▶ **DATA FOR THIS EXERCISE**
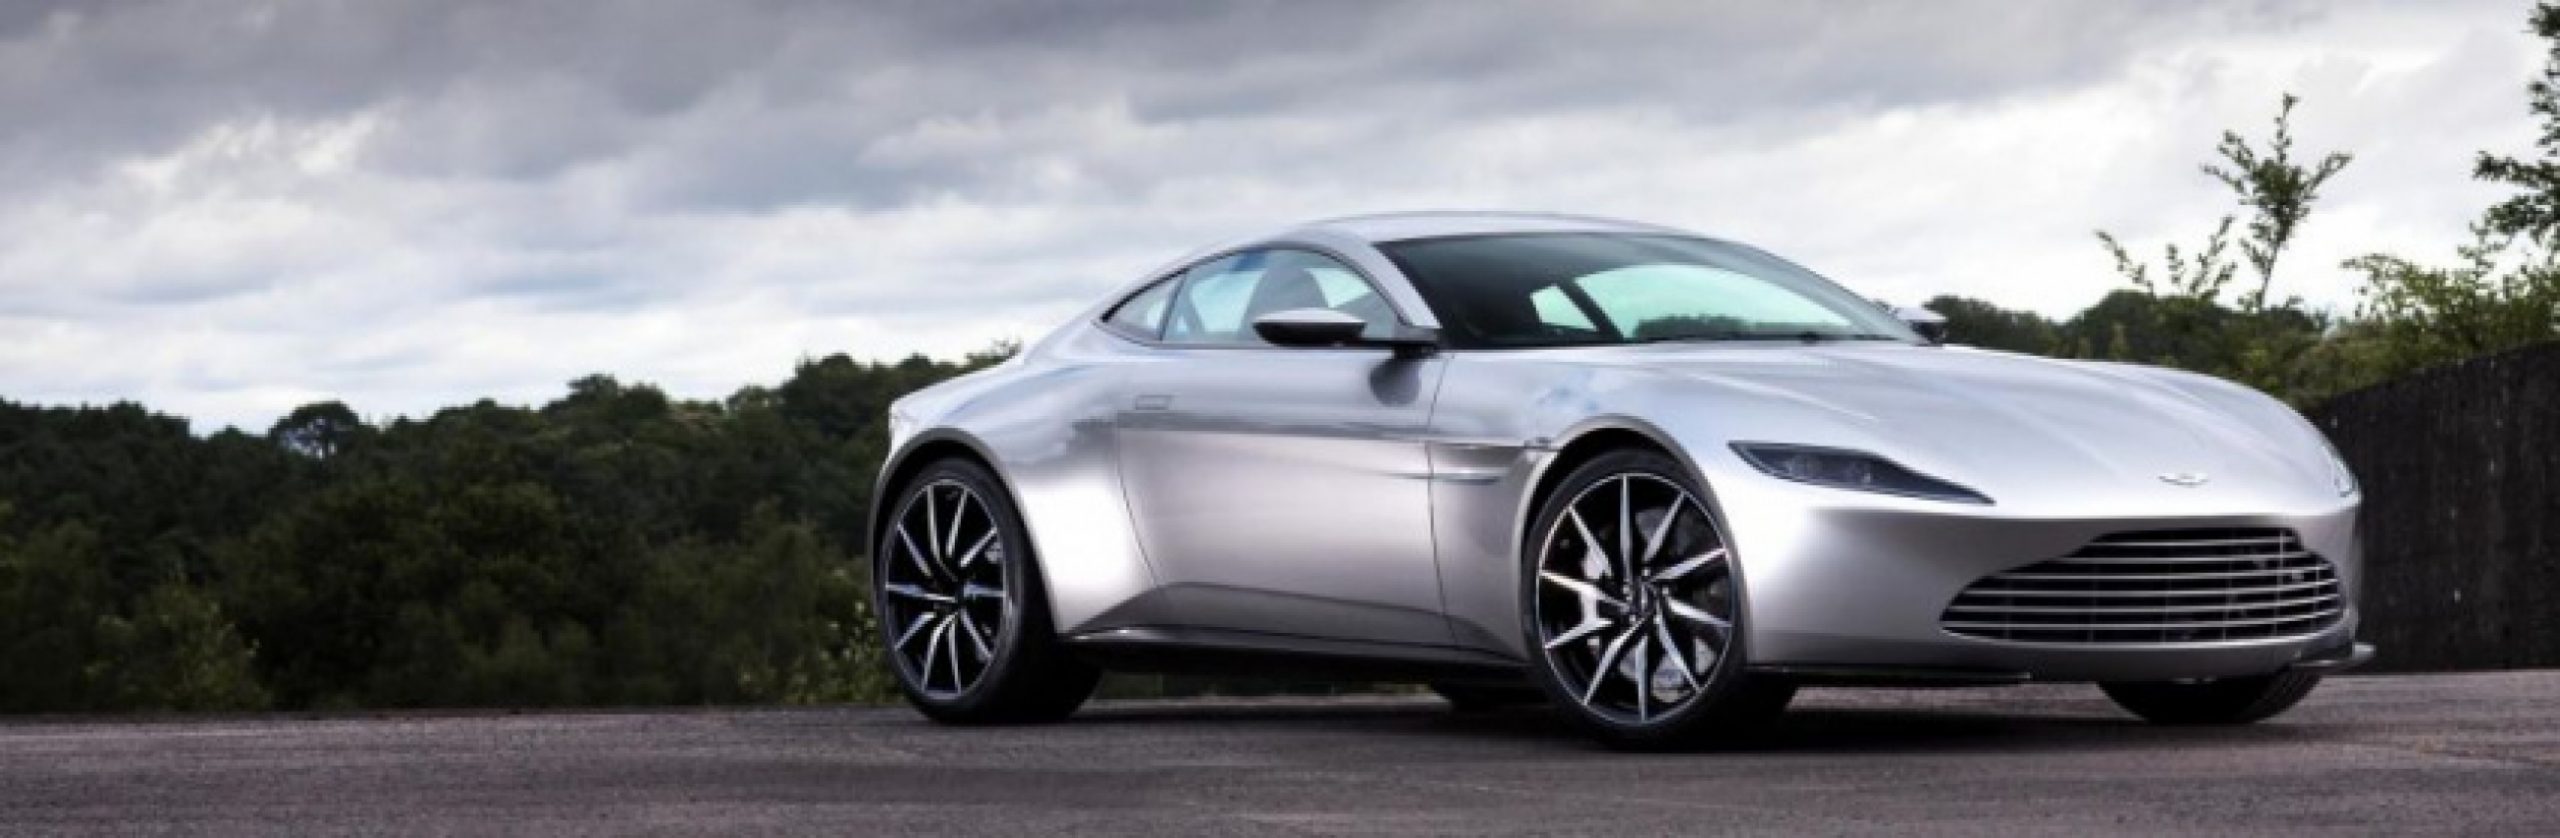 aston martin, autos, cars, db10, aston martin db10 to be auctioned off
* * *
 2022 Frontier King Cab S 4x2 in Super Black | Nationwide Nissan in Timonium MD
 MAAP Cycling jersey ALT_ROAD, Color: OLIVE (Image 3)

▶ **BRIEF**
When the line with "2022 Frontier King" is reached in the data above, start copying there, and copy each line exactly until the line with "MAAP Cycling jersey" has been copied; copy nothing else.

▶ **RESPONSE BELOW**
 2022 Frontier King Cab S 4x2 in Super Black | Nationwide Nissan in Timonium MD
 MAAP Cycling jersey ALT_ROAD, Color: OLIVE (Image 3)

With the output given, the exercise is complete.